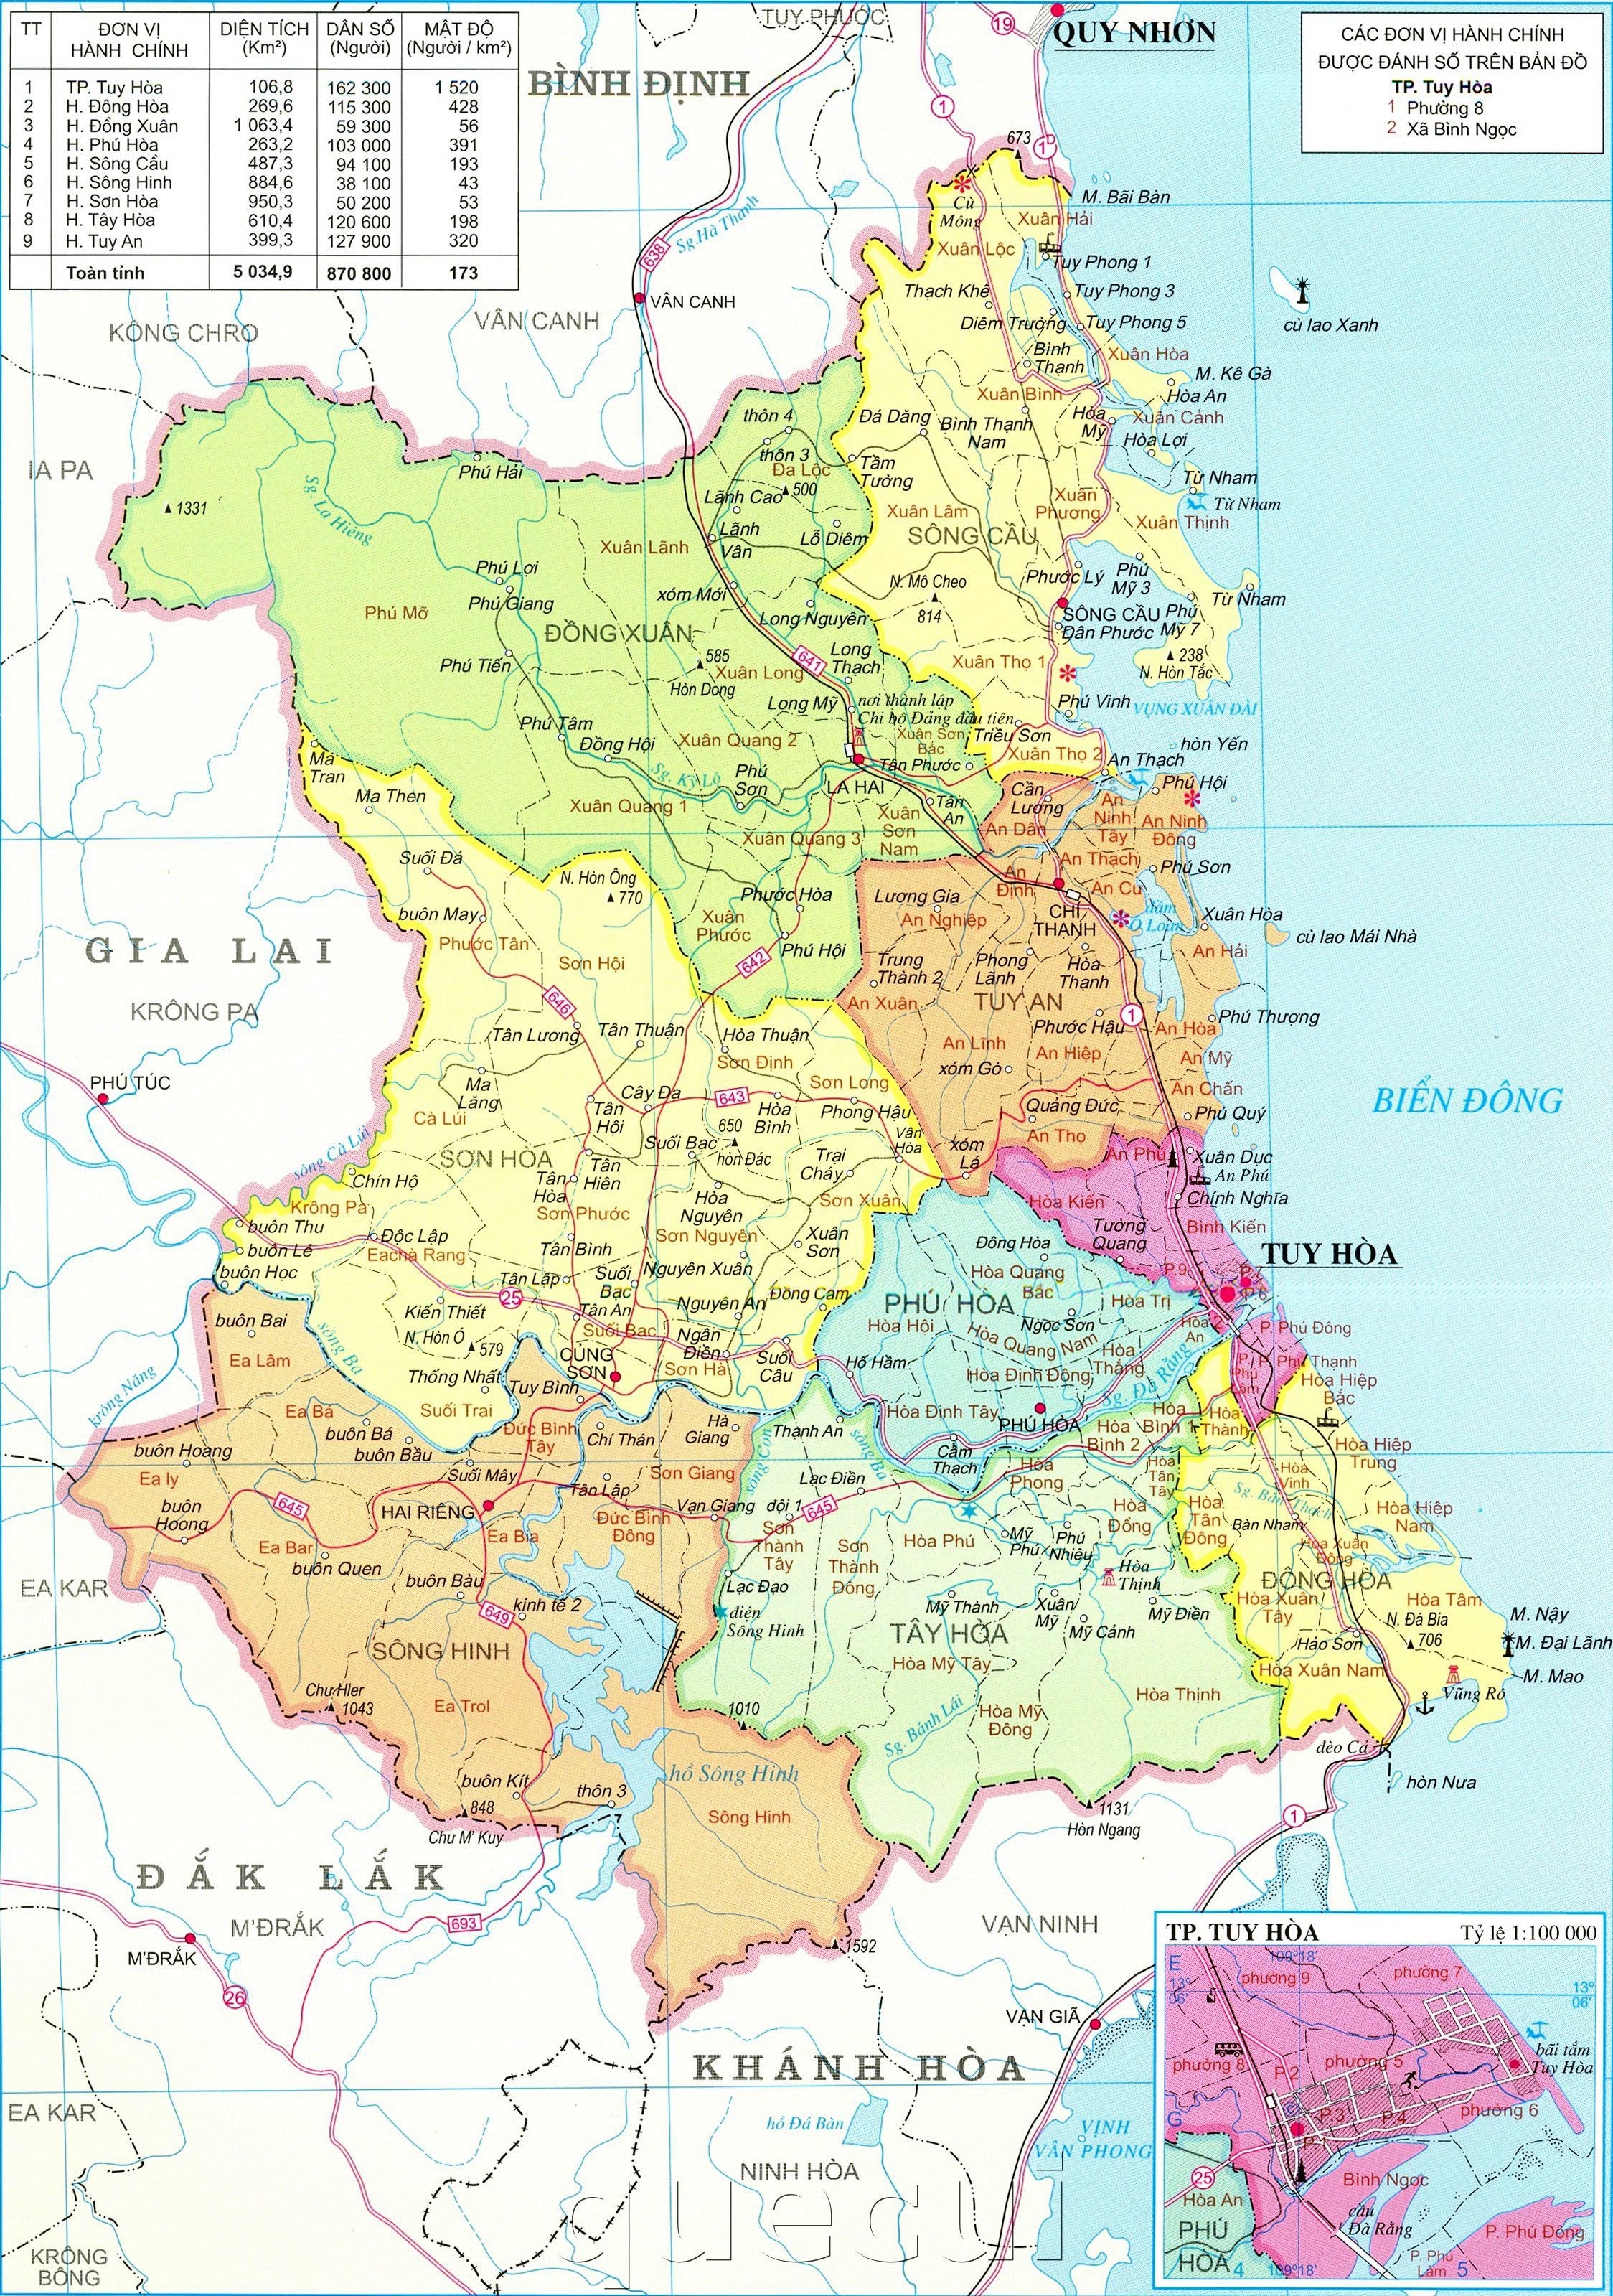 Bản đồ Phú Yên sẽ cung cấp cho bạn tất cả các thông tin quan trọng về địa hình, danh lam thắng cảnh và hệ thống giao thông tại Phú Yên. Khám phá cùng bản đồ này để chuẩn bị cho chuyến hành trình tuyệt vời nhất tại Phú Yên!
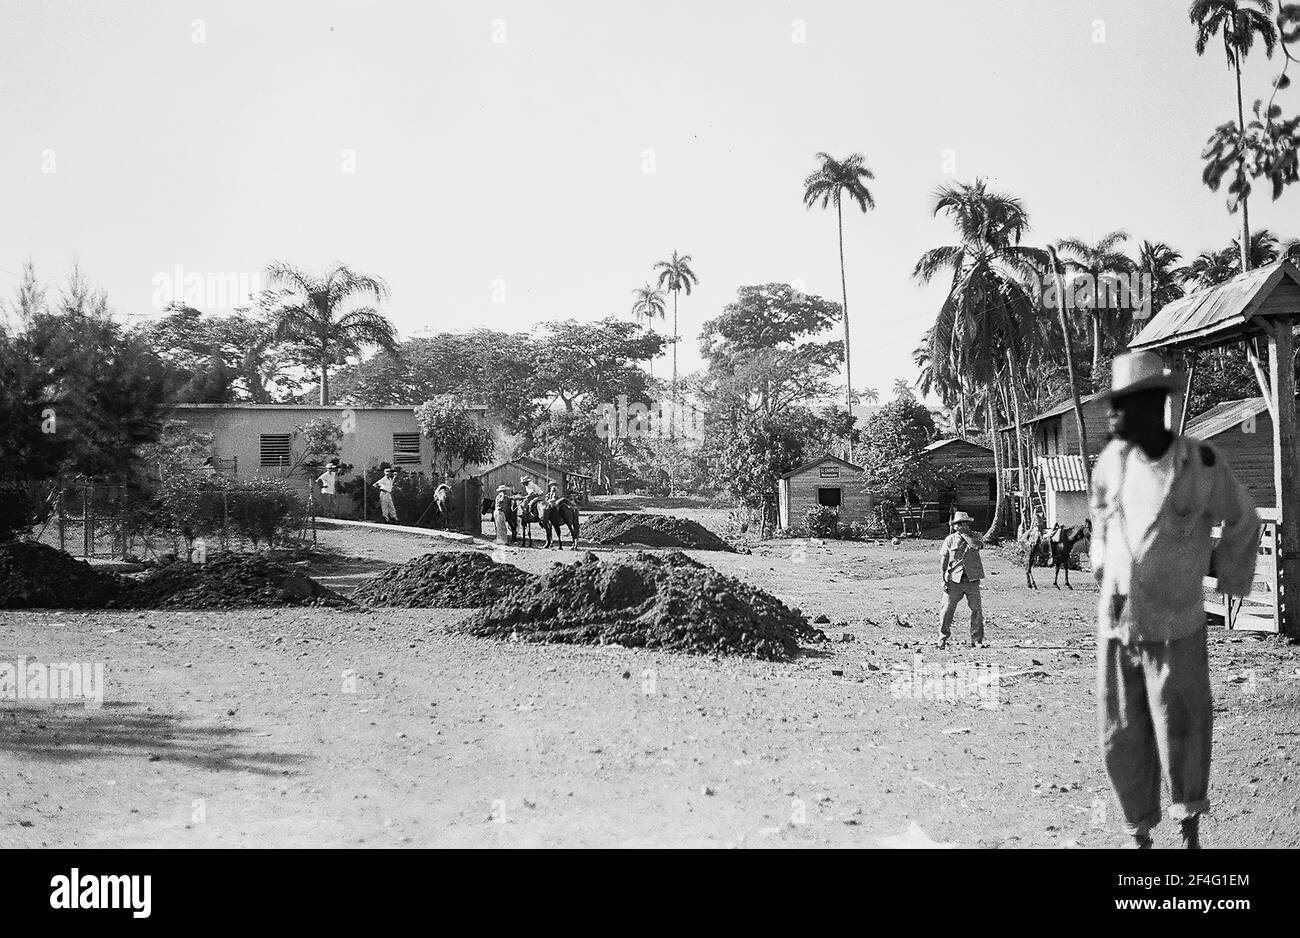 Les gens se trouvent dans un champ avec des débris visibles, Biran, Cuba, province de Holguin, 1963. De la collection de photographies Deena Stryker. () Banque D'Images
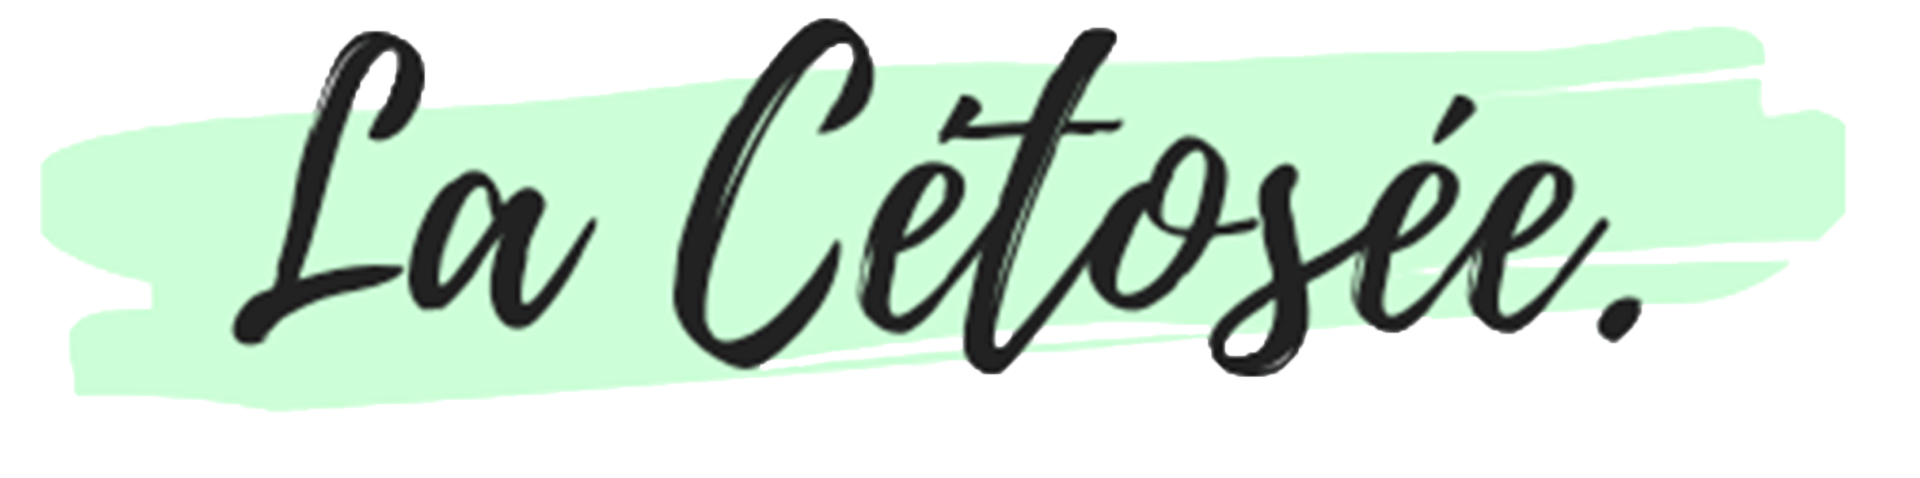 Logo officiel La Cétosée, site de conseil et coaching en nutrition low Carb et cétogène
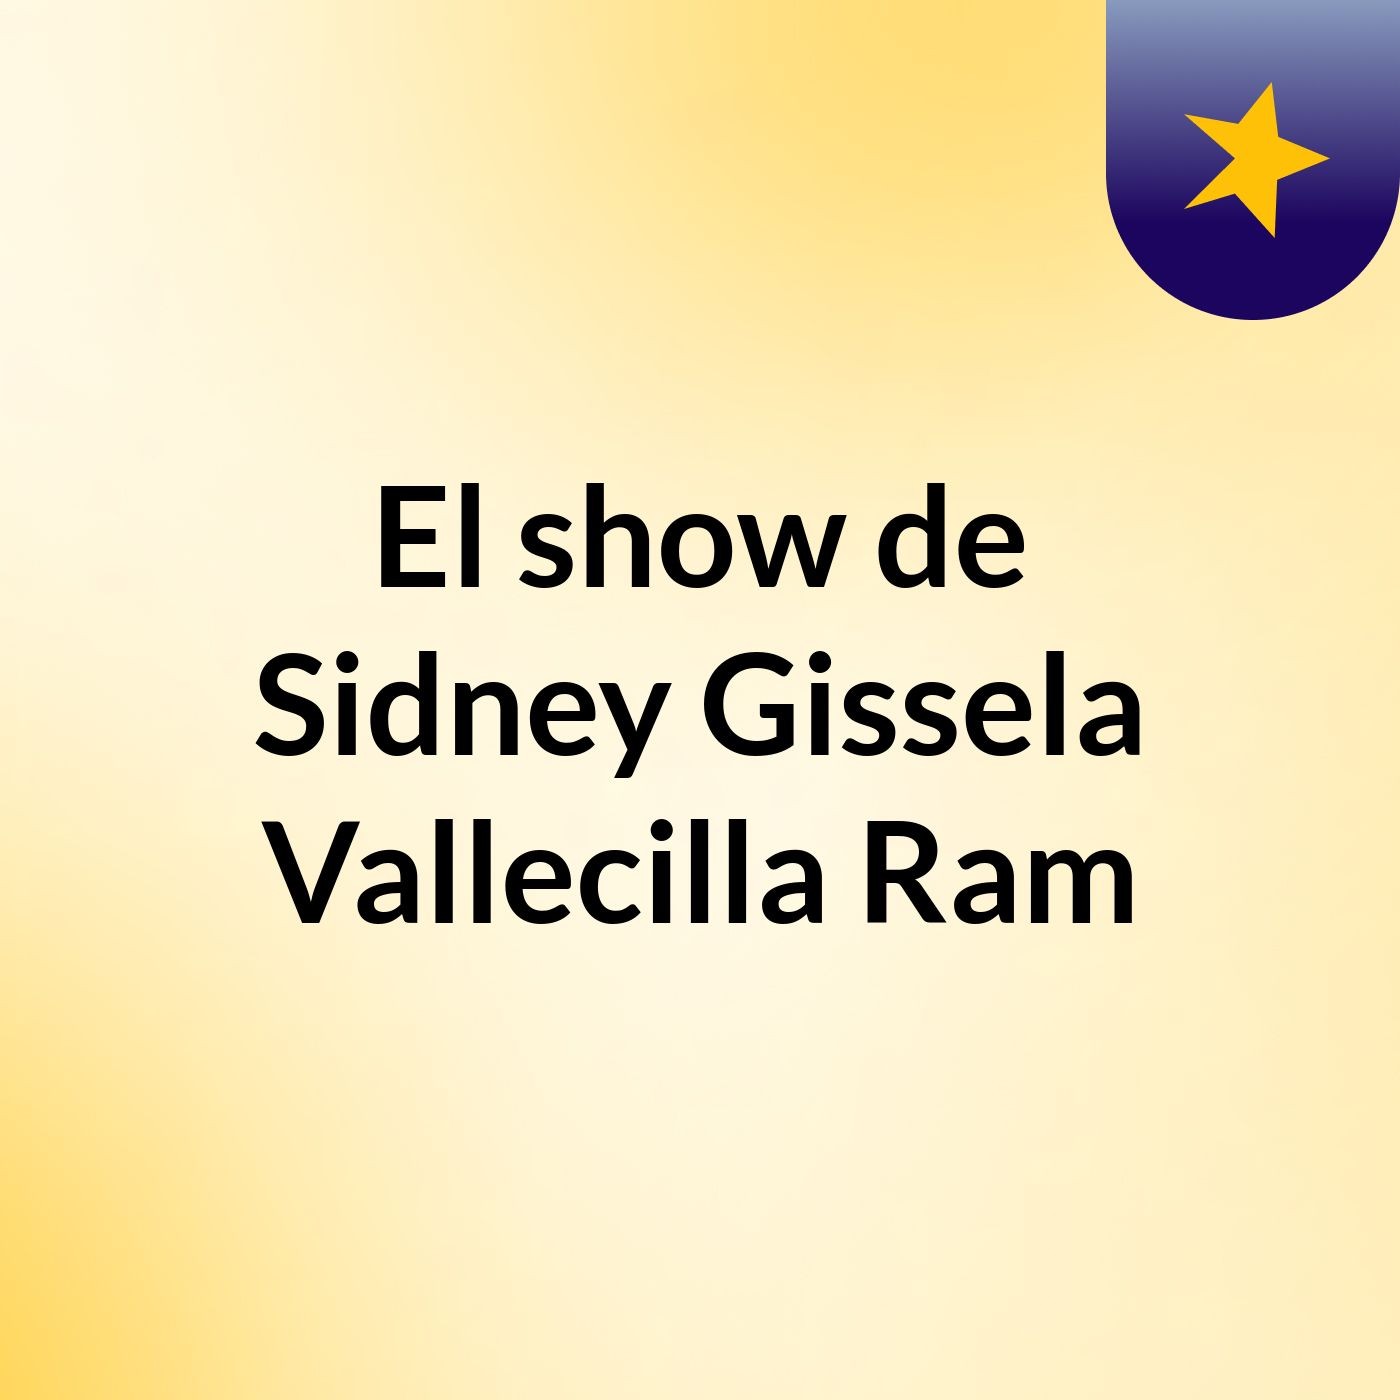 El show de Sidney Gissela Vallecilla Ram

────

_Task brief_.
Copy exactly the lines running from the line with "Les gens se" to the final line of the listing, keeping both ends and dropping any picture.

_Answer below_.
 Les gens se trouvent dans un champ avec des débris visibles, Biran, Cuba, province de Holguin, 1963. De la collection de photographies Deena Stryker. () Banque D'Images
 Logo officiel La Cétosée, site de conseil et coaching en nutrition low Carb et cétogène
 El show de Sidney Gissela Vallecilla Ram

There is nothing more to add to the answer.